In response to FrOMO, consumers are trying a variety of tactics to avoid paying over the odds. Some of the most commonly cited tactics include travelling at off peak or inconvenient times (36%), using discount codes or vouchers to get a cheaper deal or only purchasing directly through the merchant and to avoid third-party websites (32%).
Paul Went, Product and Markets Director at Shawbrook Bank says:
“Our latest research shows that FrOMO has become a common experience for British shoppers. There is no doubt that consumers feel misled and frustrated by teaser pricing and we highlighted and addressed this as a problem in personal loans earlier this year with our Transparency Charter. We found the gap between the interest rates advertised by lenders and the interest rates paid by UK customers was widening, which was causing confusion and frustration among consumers.
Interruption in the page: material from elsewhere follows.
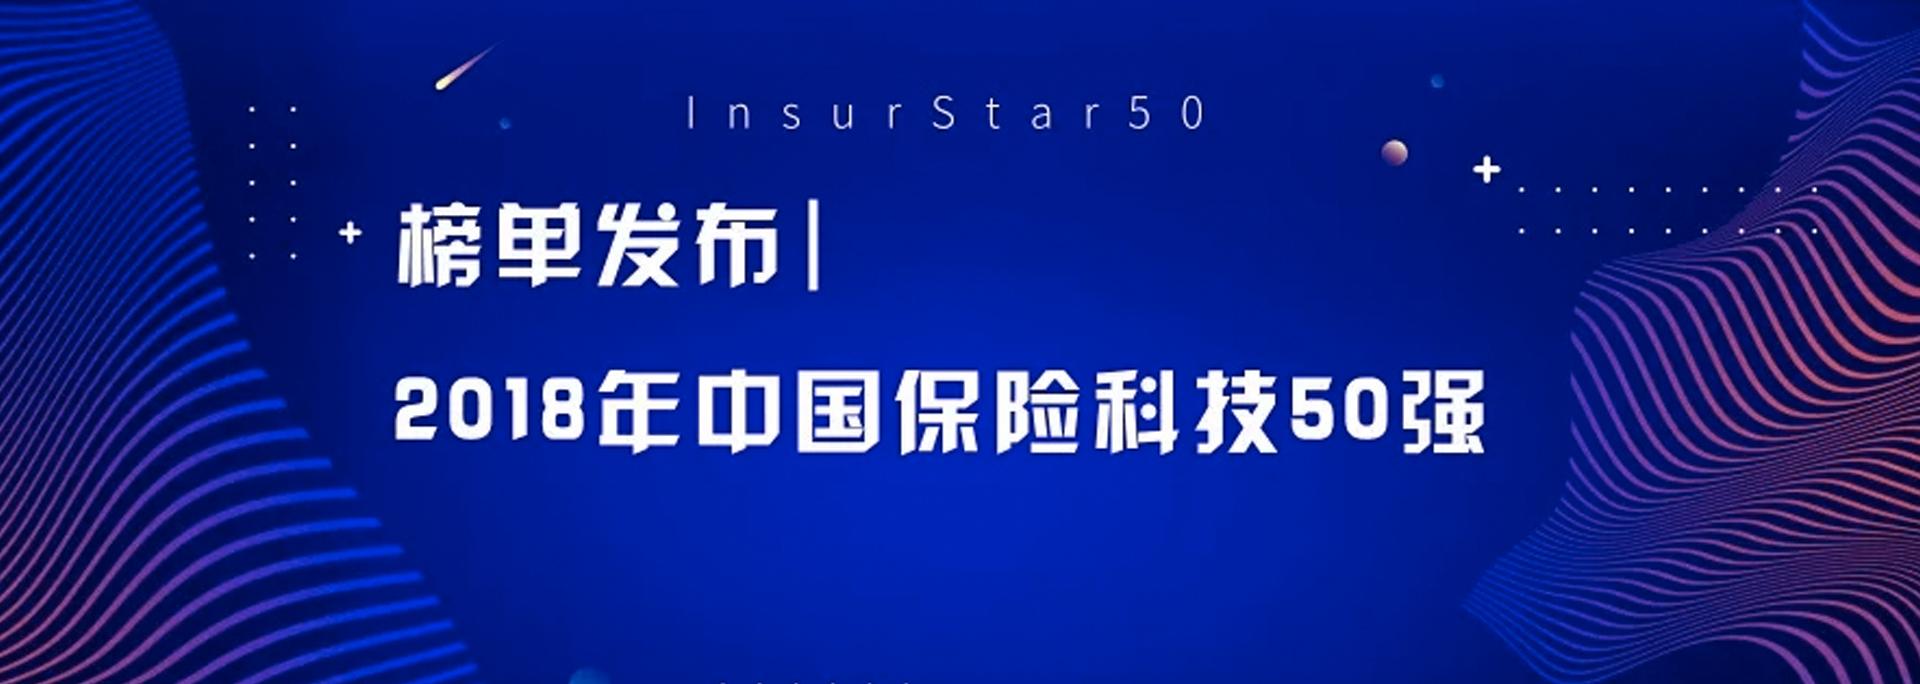 """捷报   同盾科技入选""""InsurStar 50—中国保险科技50强"""

“FrOMO clearly has a major impact on how we shop and what we think about the brands who subject us to it. It has made the process of shopping for holidays, flights, hotels, train tickets, car hire, tickets to gigs or sporting events and personal loans fraught and fractious. All too often getting the product or service you want can feel like a battle and that isn’t really the right kind of relationship we want to foster with customers. It’s for that reason we have made a promise to our borrowers that we will be upfront with them from the outset.”